Autonomia da Defensoria Pública é reafirmada: Supremo ratifica a competência privativa do Defensor Público-Geral para propor lei sobre cargos, carreira e remuneração da categoria.

22/3/2023

No final de dezembro de 2022, o Supremo Tribunal Federal julgou a Ação Direita de Inconstitucionalidade (ADIn) 5.943, cujo cerne era a declaração da inconstitucionalidade de diversos dispositivos da lei Complementar 717 de 22 de janeiro de 2018, a qual “Institui o Plano de Cargos, Carreira e Vencimentos dos servidores da Defensoria Pública do Estado de Santa Catarina e adota outras providências”.

Objetivando a valorização da Defensoria Pública, a referida Lei foi proposta pelo Defensor Público-Geral do Estado de Santa Catarina mediante o Projeto de Lei Complementar (PLC) 31.3/2017 – subsequentemente aprovado pela Assembleia Legislativa do Estado de Santa Catarina (Alesc). Quando submetido à apreciação do Governador do Estado, o PLC foi parcialmente vetado1, ato derrubado pela Casa Legislativa. Com isso, os dispositivos impugnados foram promulgados pelo Presidente da Alesc e passaram a fazer parte, portanto, da lei Complementar 717/18, a qual entrou em vigor a partir de junho de 2018.

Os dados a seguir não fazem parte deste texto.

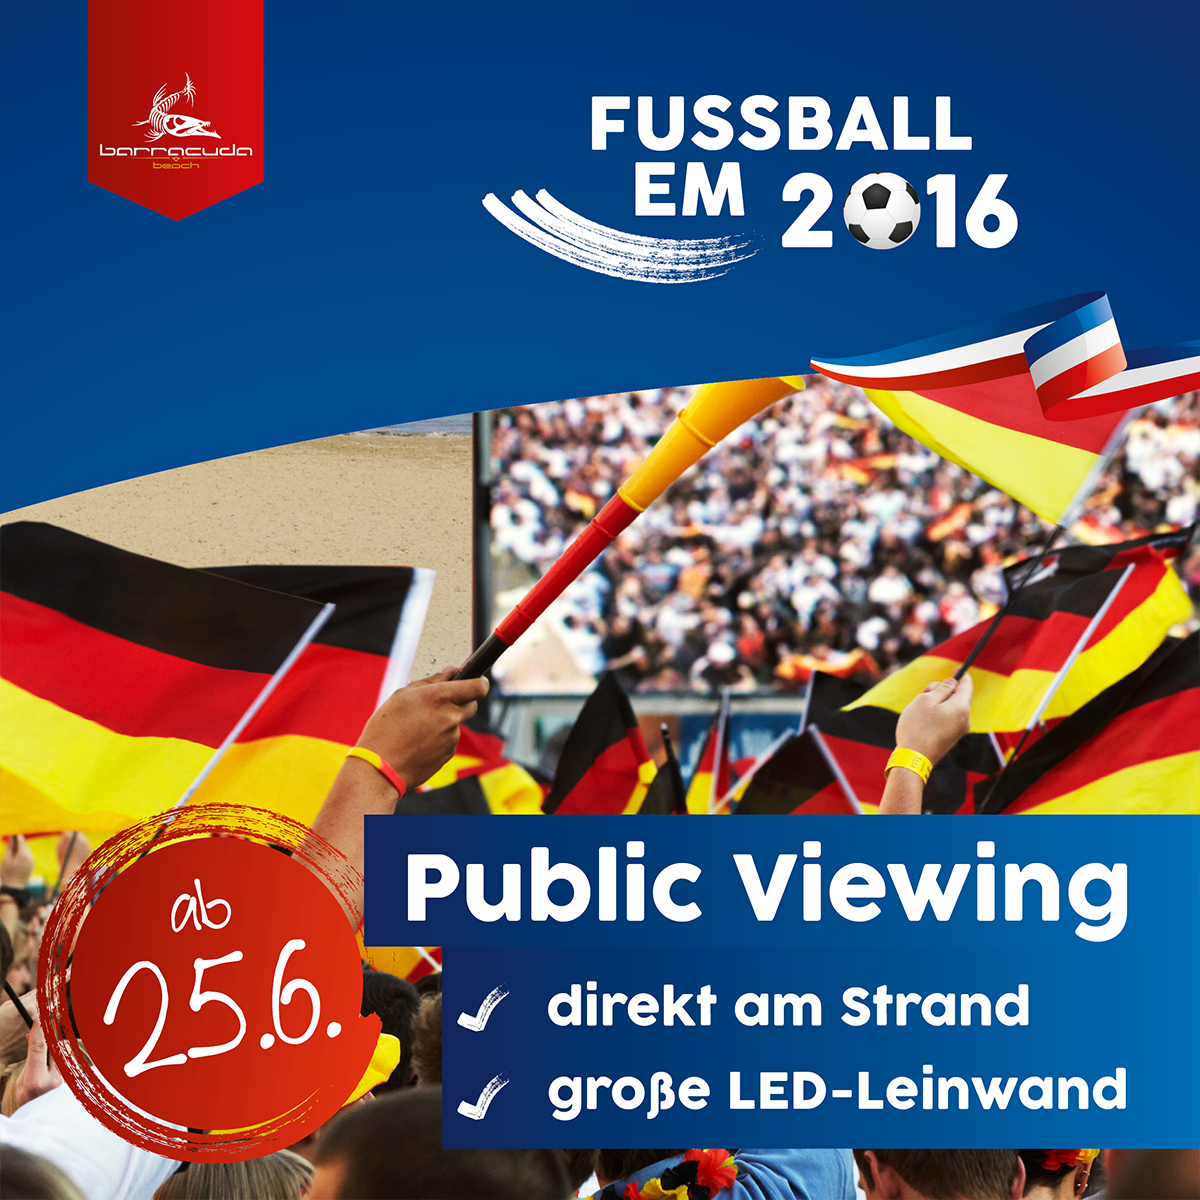 Public-Viewing-Fußball-EM-große-LED-Wand

O veto parcial do Poder Executivo recaiu nos dispositivos mais importantes do Projeto: aqueles que versavam sobre temas essenciais à carreira, como plano de cargos, vencimentos, normas de ingresso, progressão e promoção funcional, jornada de trabalho, adicionais, funções gratificadas, quadro de cargos comissionados e sistema remuneratório dos servidores. O veto rechaçou, dentre outras questões, a criação de um regime jurídico dos servidores da Defensoria Pública estadual, o pagamento do adicional de pós-graduação e a revisão anual do piso salarial da categoria.

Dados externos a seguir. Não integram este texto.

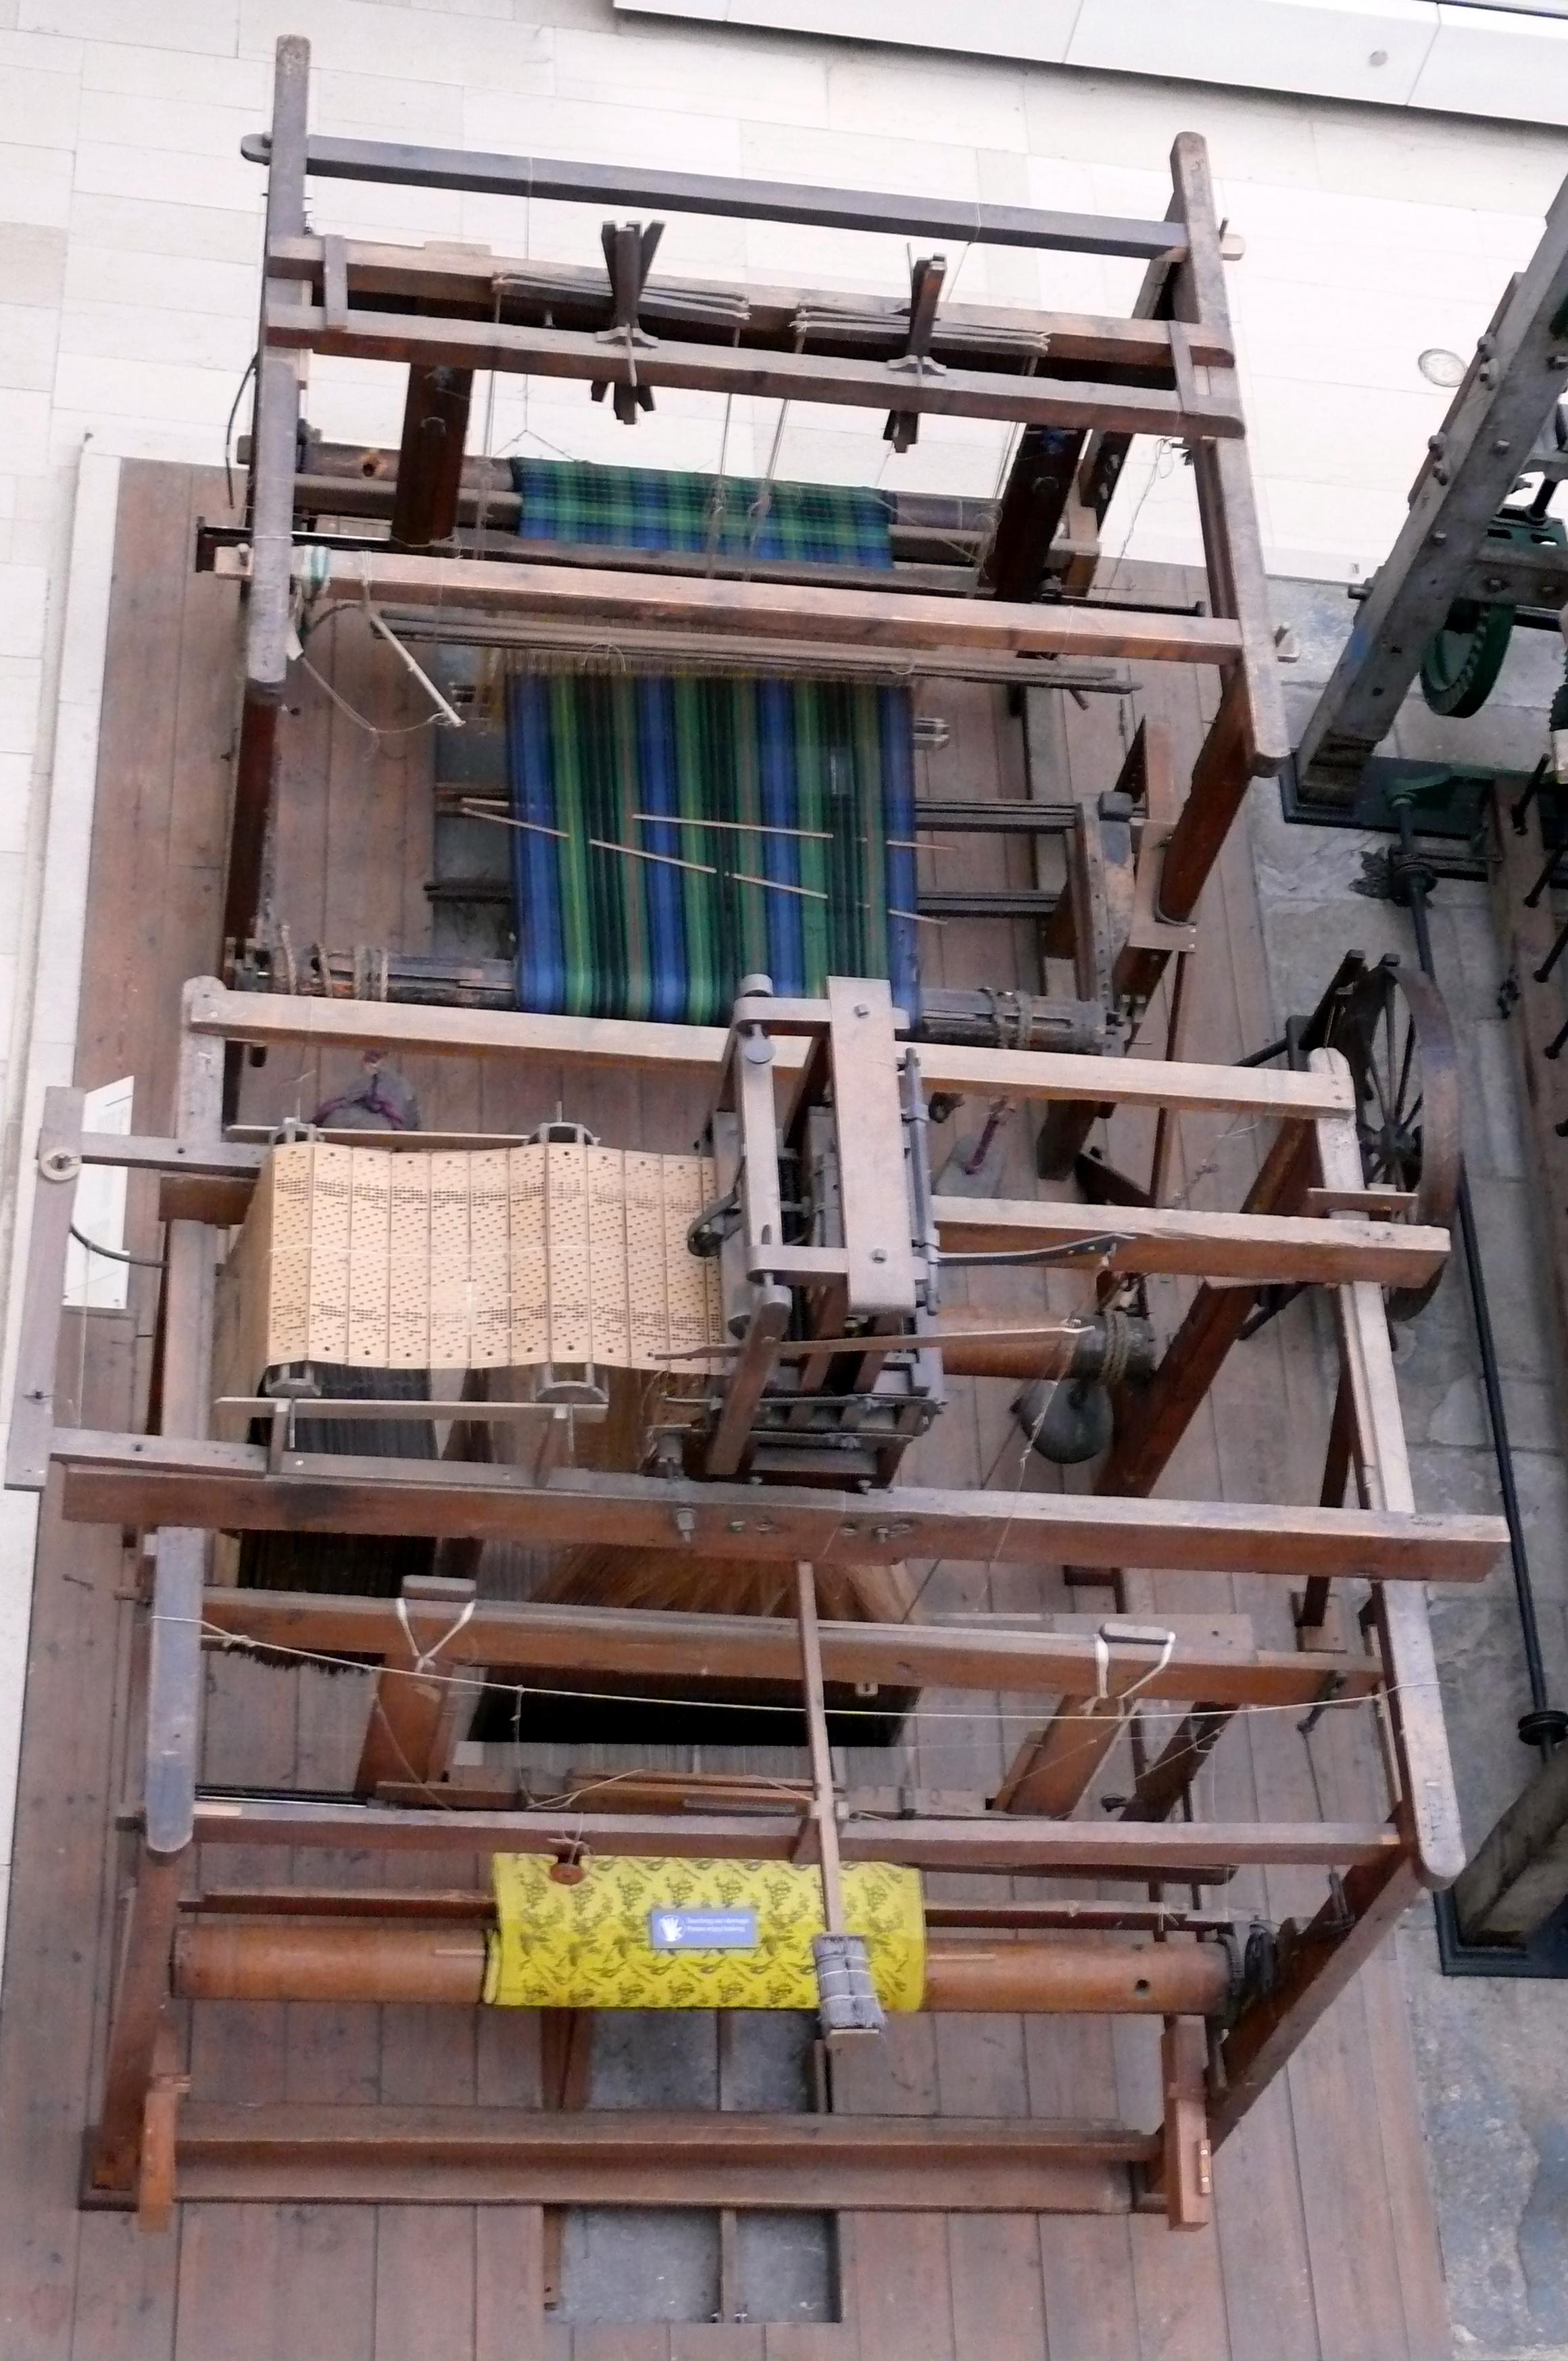 File:NMS Tartan and Jacquard loom.JPG - Wikimedia Commons

Nessa toada, dada a derrubada dos vetos, o Governador do Estado de Santa Catarina propôs a ADIn 5.943, tendo por objeto, justamente, os dispositivos da LC 717/18 originalmente vetados.

Em sua fundamentação, para além do suposto vício de iniciativa – a matéria “regime jurídico de servidores públicos” estaria submetida à iniciativa privativa do Chefe do Poder Executivo, e não do Defensor Público-Geral -, a alegada inconstitucionalidade da Lei Complementar catarinense se sustentou em três pilares:  (i) na violação ao regime jurídico único no âmbito da competência de cada ente federativo porquanto a Lei instituiu regime jurídico próprio àqueles Defensores Públicos estaduais; (ii) na criação de cargos de comissão para o exercício de funções não admitidas pela Constituição; e (iii) na violação ao limite de despesas de pessoal ativo, previsto na Lei de Responsabilidade Fiscal.

Ao julgar a ADIn 5943, o Relator, Ministro Gilmar Mendes, destacou o teor das Emendas Constitucionais 74/13 e 45/042 que conferiram maior independência funcional-administrativa à Defensoria Pública e afastaram-na da subordinação ao Poder Legislativo. Inclusive, no voto, evidenciou-se que esse novo tratamento constitucional foi chancelado pelo próprio STF, quando decidiu que a iniciativa de lei sobre criação de cargos, política remuneratória e planos de carreira da Defensoria Pública é privativa do Defensor Público-Geral. Daí a reafirmação da autonomia funcional e administrativa da Defensoria Pública, essenciais à justiça.

Quanto à violação ao regime jurídico único previsto no art. 39 da Constituição, o Ministro Relator ponderou que tal regime não deve ser confundido com plano de cargos e salários, o qual deve ser previsto em lei para categorias de servidores específicos – como bem dispôs a LC 717/18 e seus dispositivos na ADIn impugnados.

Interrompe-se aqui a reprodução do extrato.